GOLD states that if the FEV1 is below 80% of the predicted value then this is an abnormal result.Furthermore they go on to define degrees of abnormality based on set levels of percent of predicted. FEV1 declines with age and FEV1 is larger for those of greater height. The Figure to the right shows FEV1 data for 7425 male patients on the left and 6525 female patients on the right expressed as percent of predicted (calculated from GLI-2012 equations equations [14]. Those plotted in yellow have their FEV1 above the LLN which can be seen to decline with age and those plotted in blue have their FEV1 below the LLN. The GOLD cut off of 80% of predicted as defining a normal FEV1 is evidently incorrect.

So the GOLD cut off for defining an abnormal FEV1 overestimates the number of subjects with abnormalities and this effect is greater in older subjects.

Raw FEV1 has been shown to predict future survival in patients with COPD [8] and FEV1/(ht^3) was shown in the Fletcher & Peto study to be a good way to express lung function decline in a study on COPD patients [9]. More recently FEV1/(ht^2) was found to be the best predictor of survival in the general population [10]. Stratifying lung function deficit in a cohort of COPD patients by using FEV1/(ht^2) has now been found to be better at predicting survival than both FEV1 as percent of predicted and raw FEV1 [11]. This publication showed that GOLD misclassified 50% of the patients when it came to relating their staging to subsequent survival over 15 years. Furthermore GOLD generally underestimated the severity of staging, failing to identify about one third of the subjects in the worst survival category.

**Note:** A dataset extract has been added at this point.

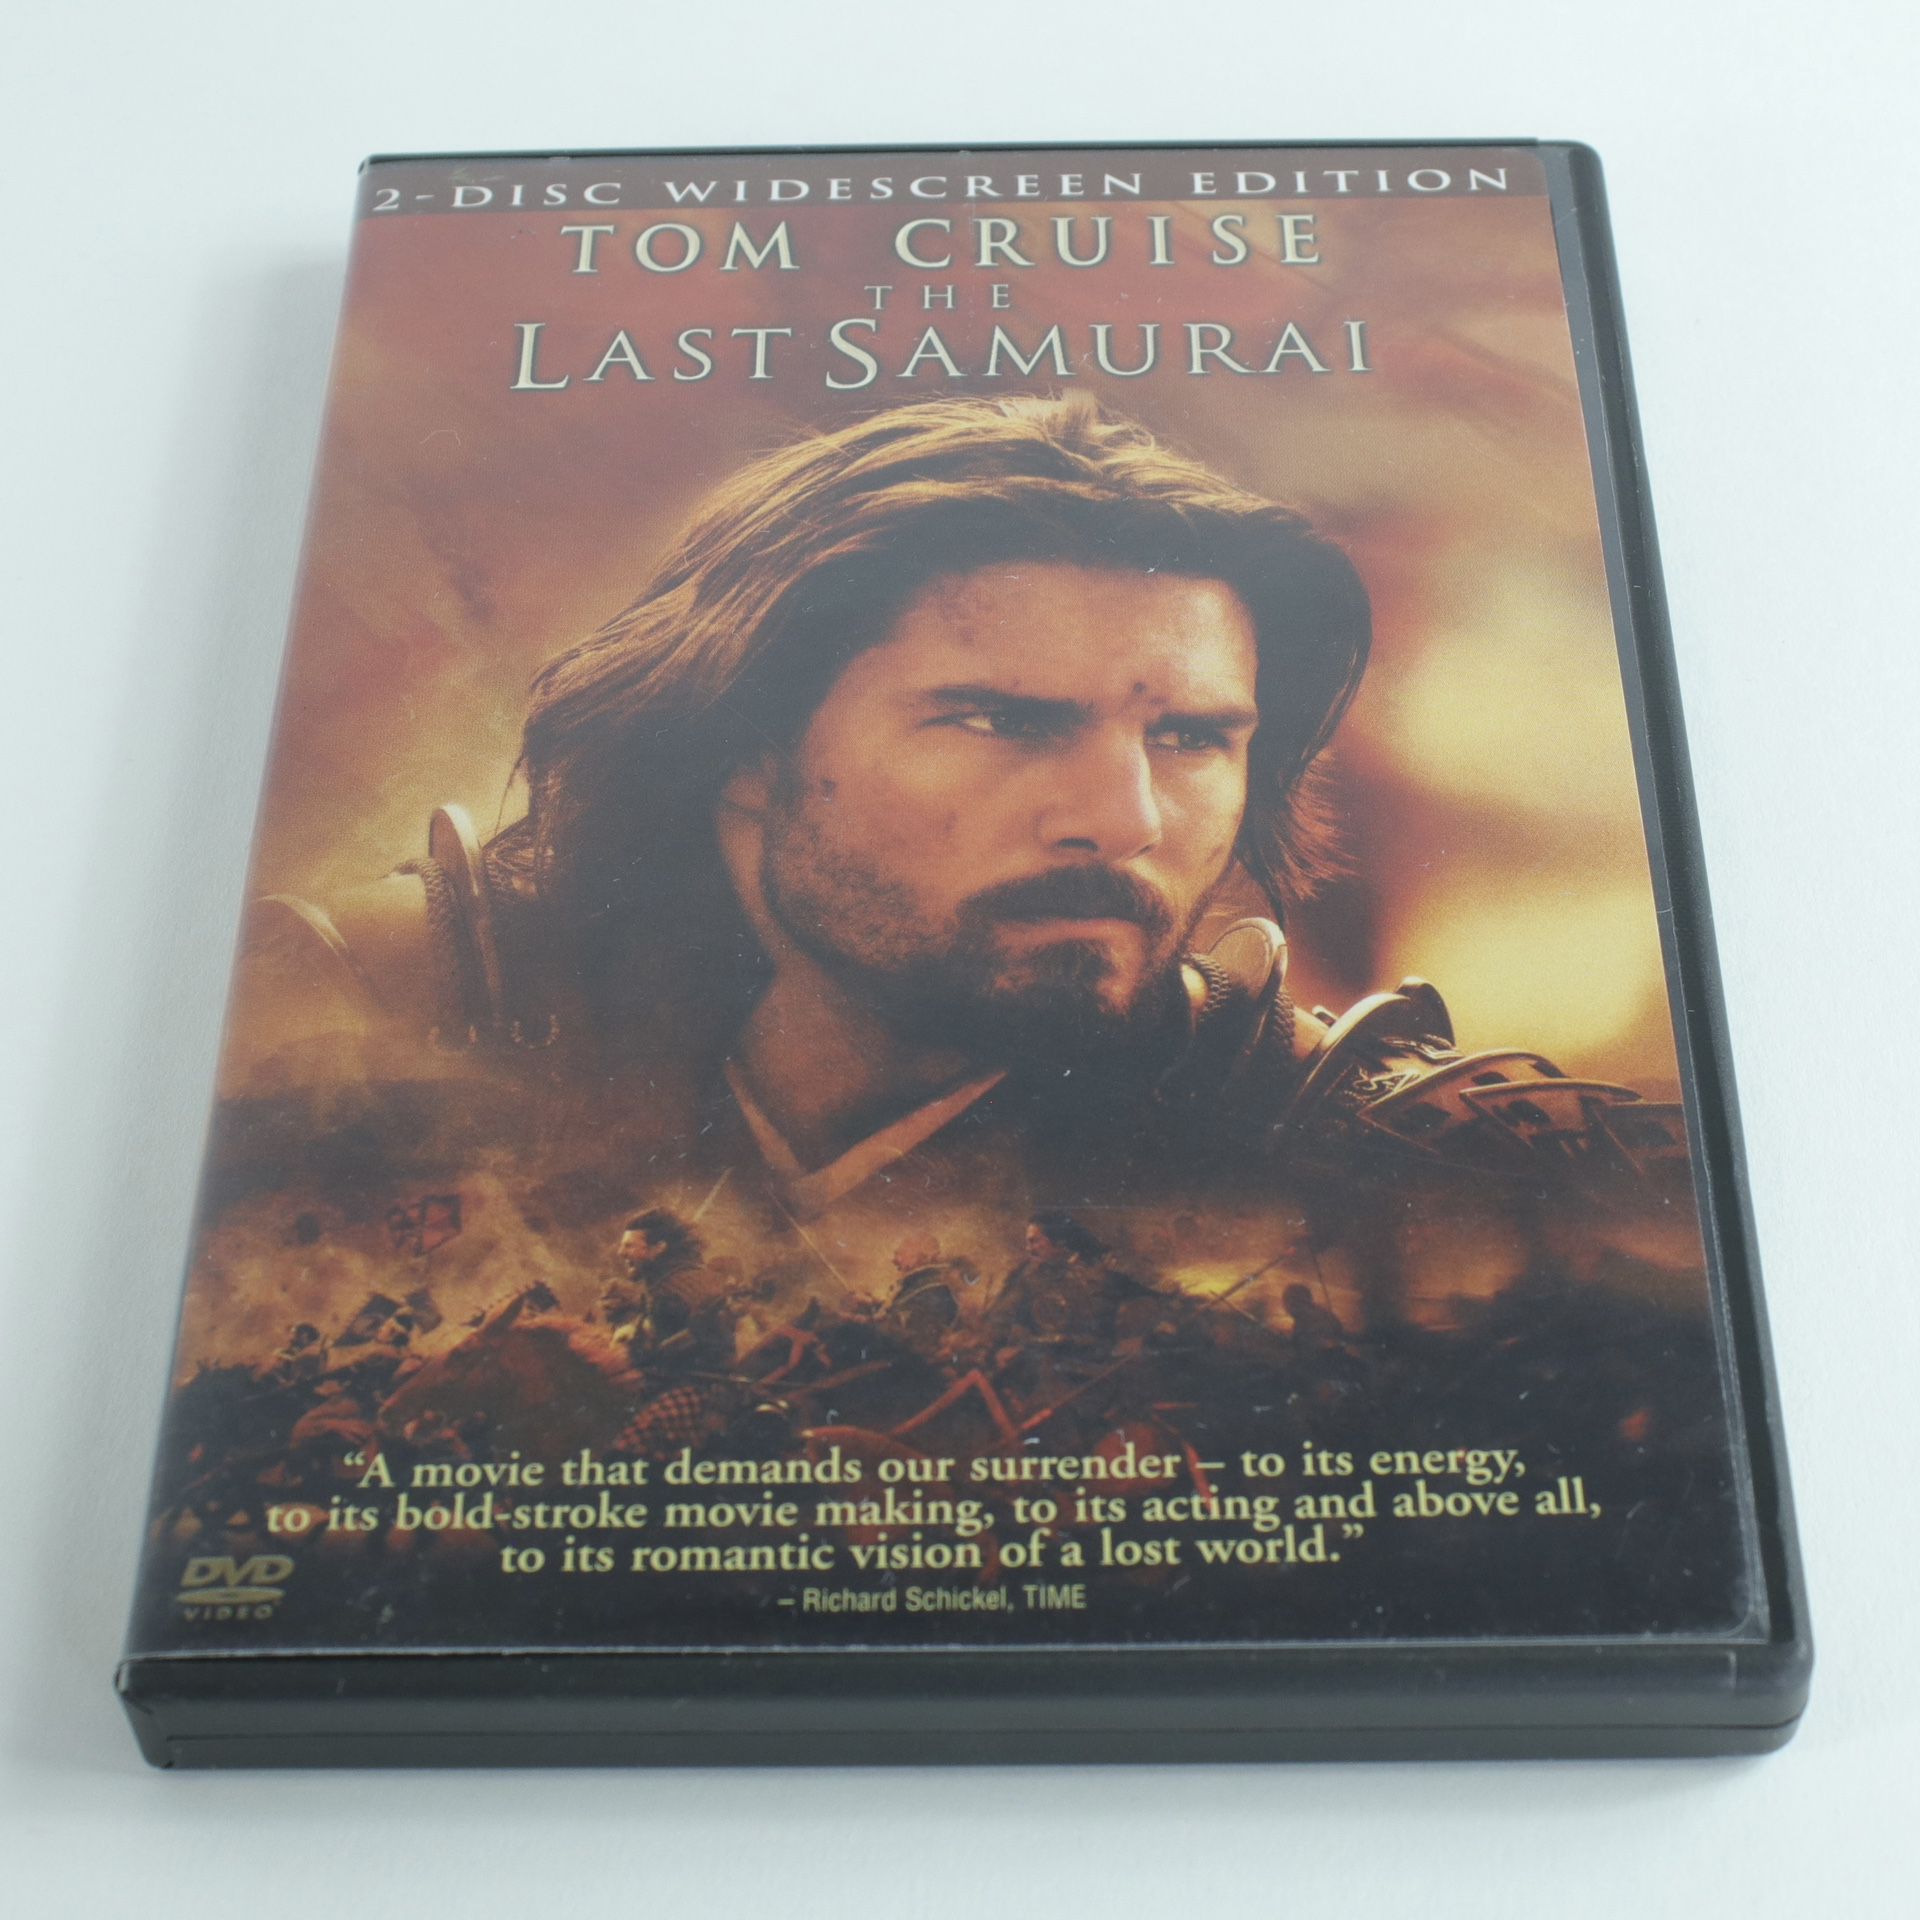 The Last Samurai 2-Disc Widescreen Edition DVD Movie

New approaches to using FEV1 data have recently been published suggesting that the best signal from this lung function index with regard to survival, and presumably severity of abnormality, comes from standardising FEV1 by the cube of height or by a sex specific 1st centile value [12].

The key point here is that when considering the severity of FEV1 lung function deficit it may be better to look at how far the FEV1 is from a lower bottom line that is the survivable limit (0.5L in males and 0.4L in females) [12] rather than consider how far the value is from the subject's notional predicted value.

The GOLD criteria were set up in 1997 in an attempt to standardise the future research into COPD so that all workers in the field could work to a common standard, which is laudable. However, there was insufficient evidence at the time to substantiate their spirometric criterion for defining airways obstruction. In the light of current evidence it is clear that the GOLD criteria for tte diagnosis of COPD are flawed.

This will lead to more older subjects being diagnosed with COPD than is justified since the inclusion criteria as shown above will include a significant number of normal subjects who do not have COPD. Many of these subjects may have heart disease to account for their symptoms and will then possibly receive treatment for COPD that they do not require, which may be harmful to them [4], and bear the burden of the label of disease they do not warrant.

It is clear that the scientific community in Respiratory Medicine must act to correct this anomaly so that research into COPD is not contaminated by the rules being wrong at the start.